What you choose: your priorityClassName and (if your platform team mapped it differently) your interruptionPenalty. Both affect cost and whether you can be preempted.

Running a high-priority job (ML platform engineer)

You’re submitting a Job whose Pods need to run together — N pods, each with the same Profile. From BigFleet’s view this is N CRs with the same Profile fingerprint, aggregated into one row in the shard’s NeedsTable.

If you want this run to not be interruptible once started, raise interruptionPenalty. The shard uses it in two places:

Phase 1 cost selection. effective_cost = price + interruption_probability × interruption_penalty. A high penalty pushes Phase 1 away from spot capacity (high interruption_probability) and toward reserved or on-demand.
Phase 2 victim score. When some other workload’s preemptor needs your machine, the shard scores possible victims and picks the highest-scoring ones. The score is built from reciprocal weights, so a high penalty on you contributes a small number, dragging your score down — making you a poor victim. The full formula:
```
score = priority_gap     × w_priority
      + (1 / drain_seconds)        × w_drain
      + (1 / interruption_penalty) × w_interrupt
      + (1 / reclamation_penalty)  × w_reclaim
```
All four weights are positive constants. Higher priority_gap (preemptor much higher priority) makes you a good victim; higher penalty values keep you safe.

What you watch:

# Is any demand going unmet at all?
bigfleet_shard_shortfalls > 0

# Sharper: is any demand ABOVE the batch tier going unmet? Priority is the
# sole throttle, so under scarcity only the lowest tier should ever shortfall.
# A non-zero result here means high-priority demand is being starved.
sum(bigfleet_shard_shortfalls_by_priority{priority_class!="batch"}) > 0

# Did Phase 2 preempt anything to make room?
sum by (kind) (rate(bigfleet_shard_actions_total{kind="Preempt"}[5m]))
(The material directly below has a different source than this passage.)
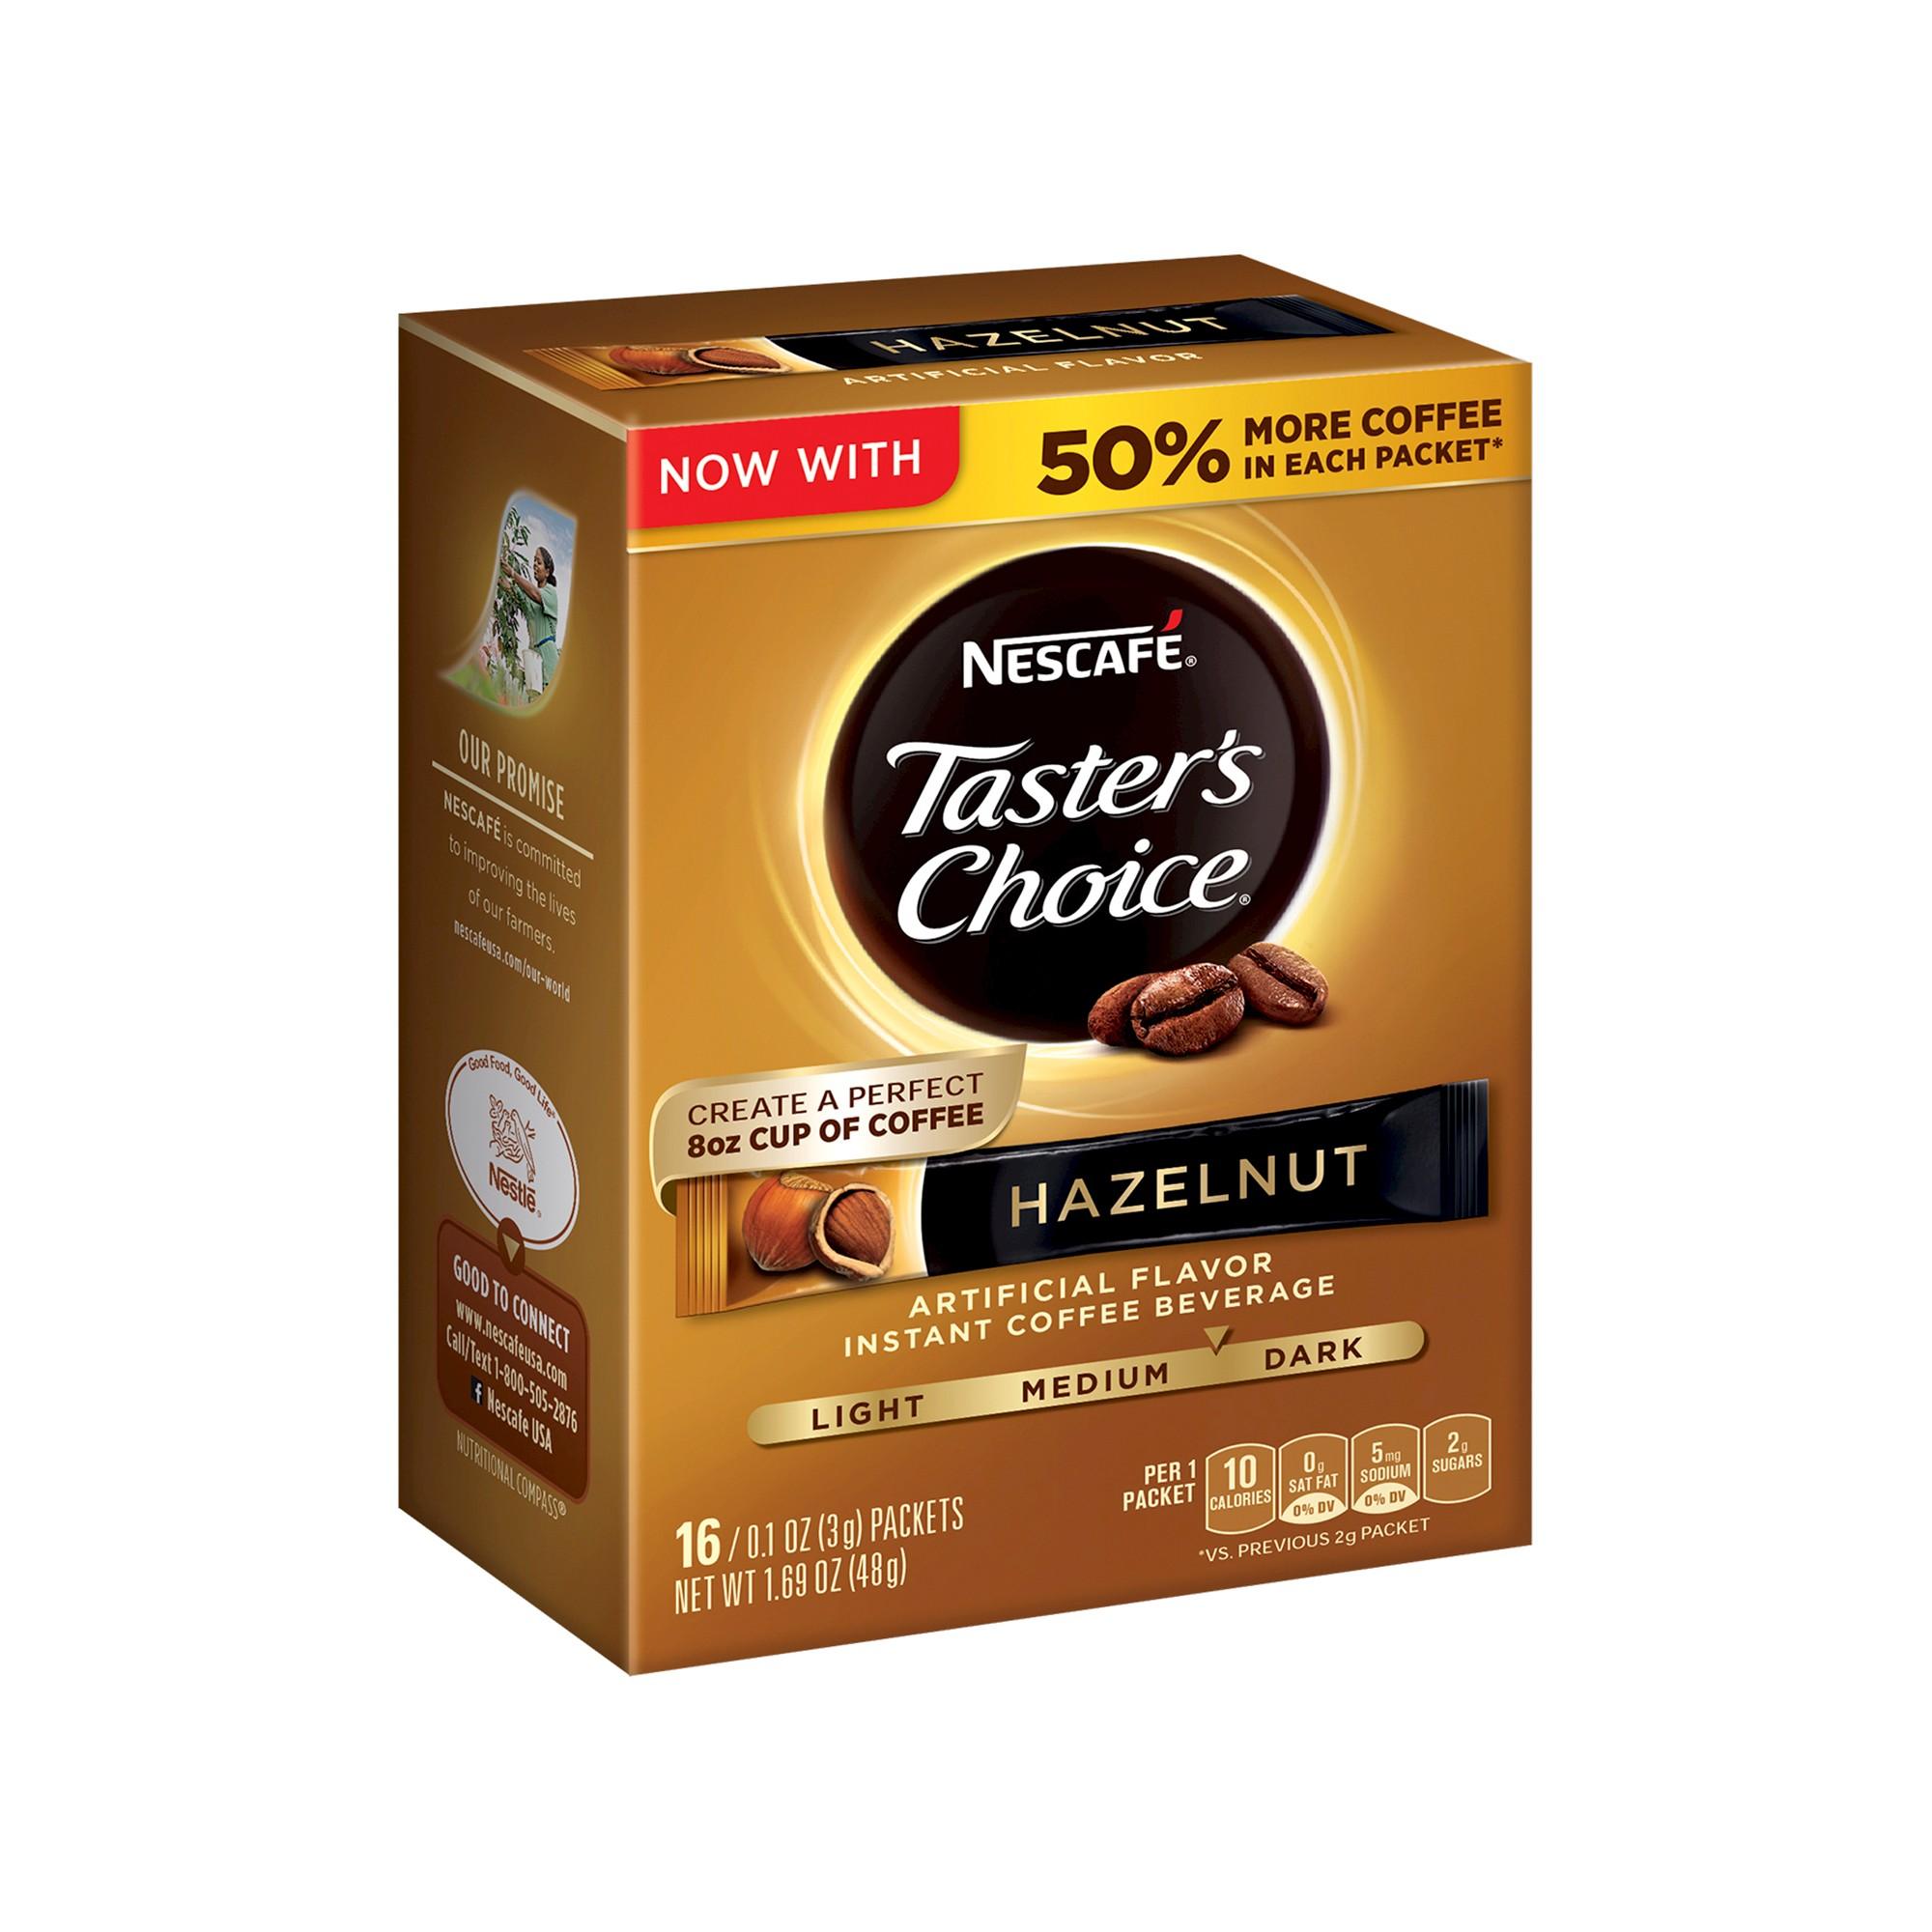 Nescafé, Taster's Choice, Instant Coffee Beverage
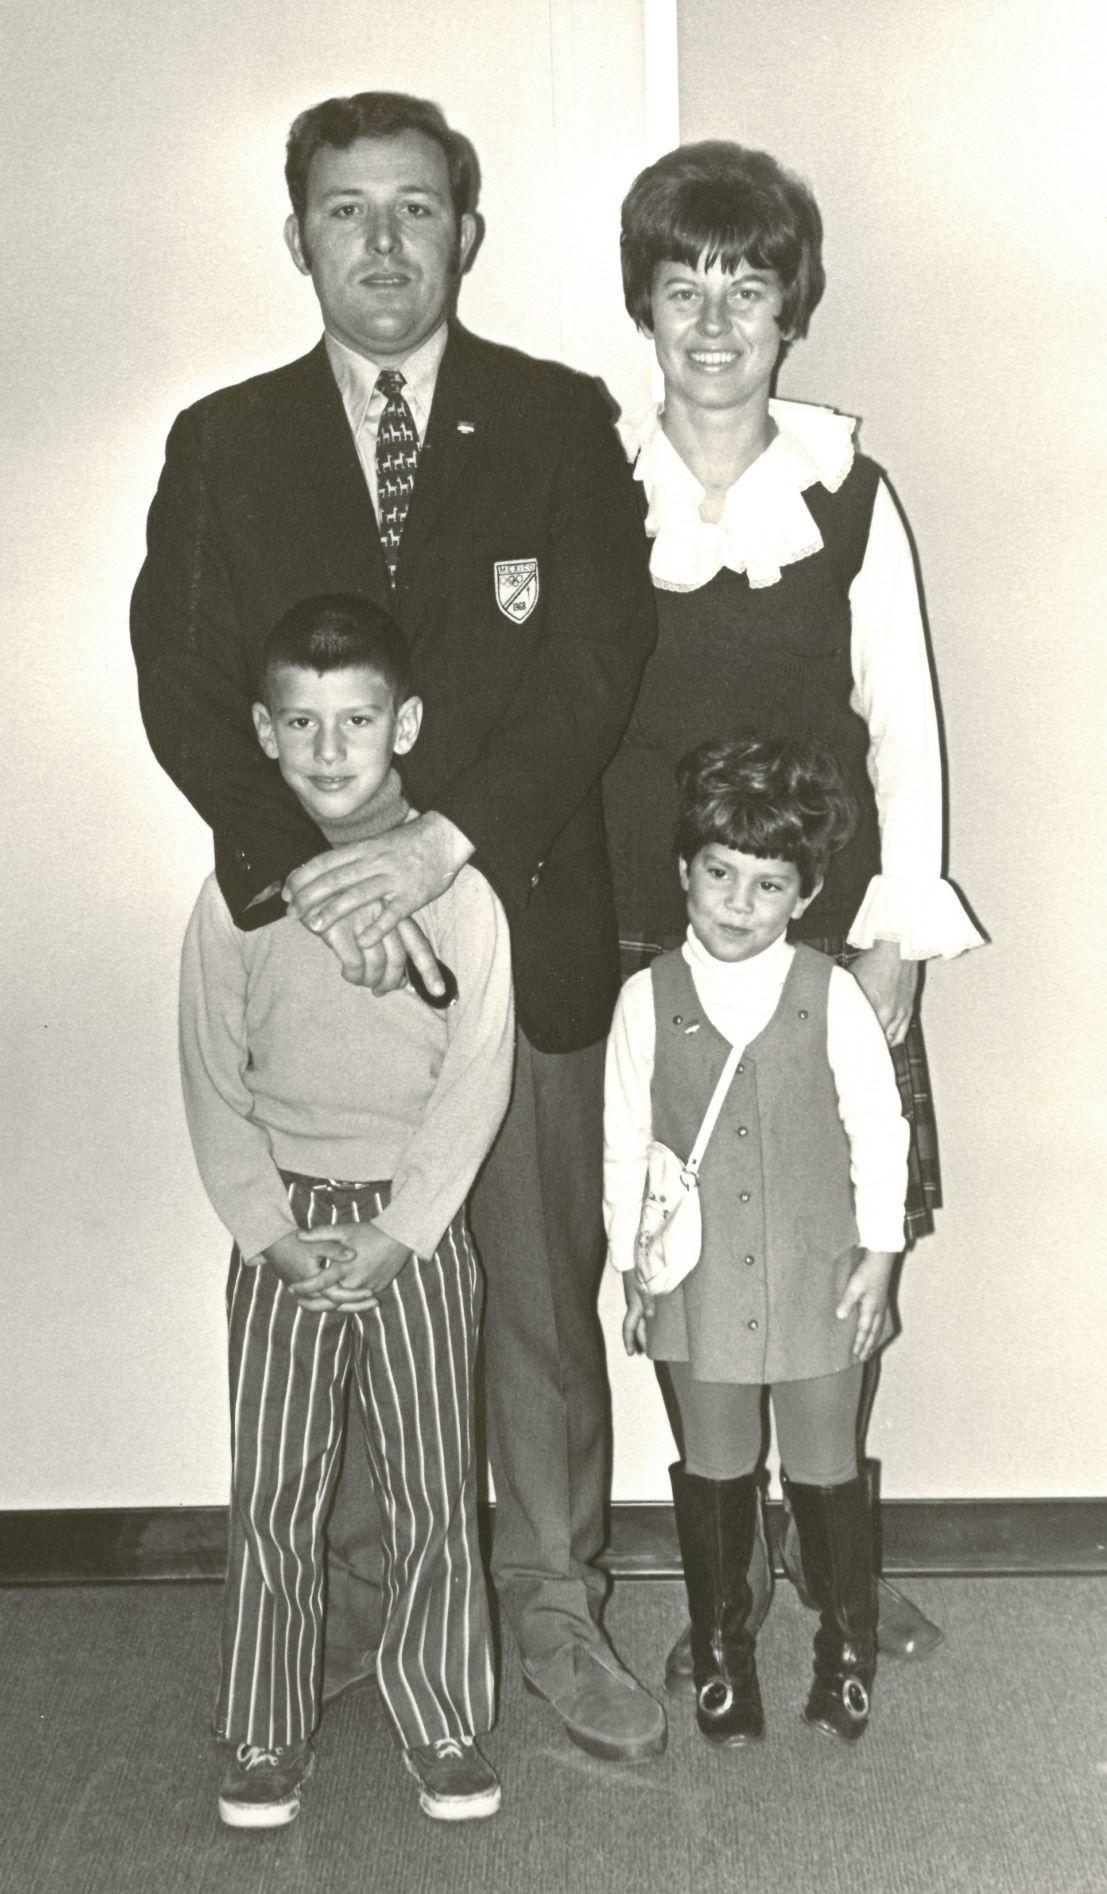 Bonanno, his wife Betty, and children

priority_class is one of batch (~100), service (~1000), critical (~1000000), or other; sum(bigfleet_shard_shortfalls_by_priority) equals bigfleet_shard_shortfalls. If you see Preempt actions firing, the affected nodes are written into per-cluster UpcomingNode CRs whose status walks toward Draining / Drained. You can watch your own cluster’s nodes via kubectl get upcomingnodes.

Per-cluster operator install (cluster owner)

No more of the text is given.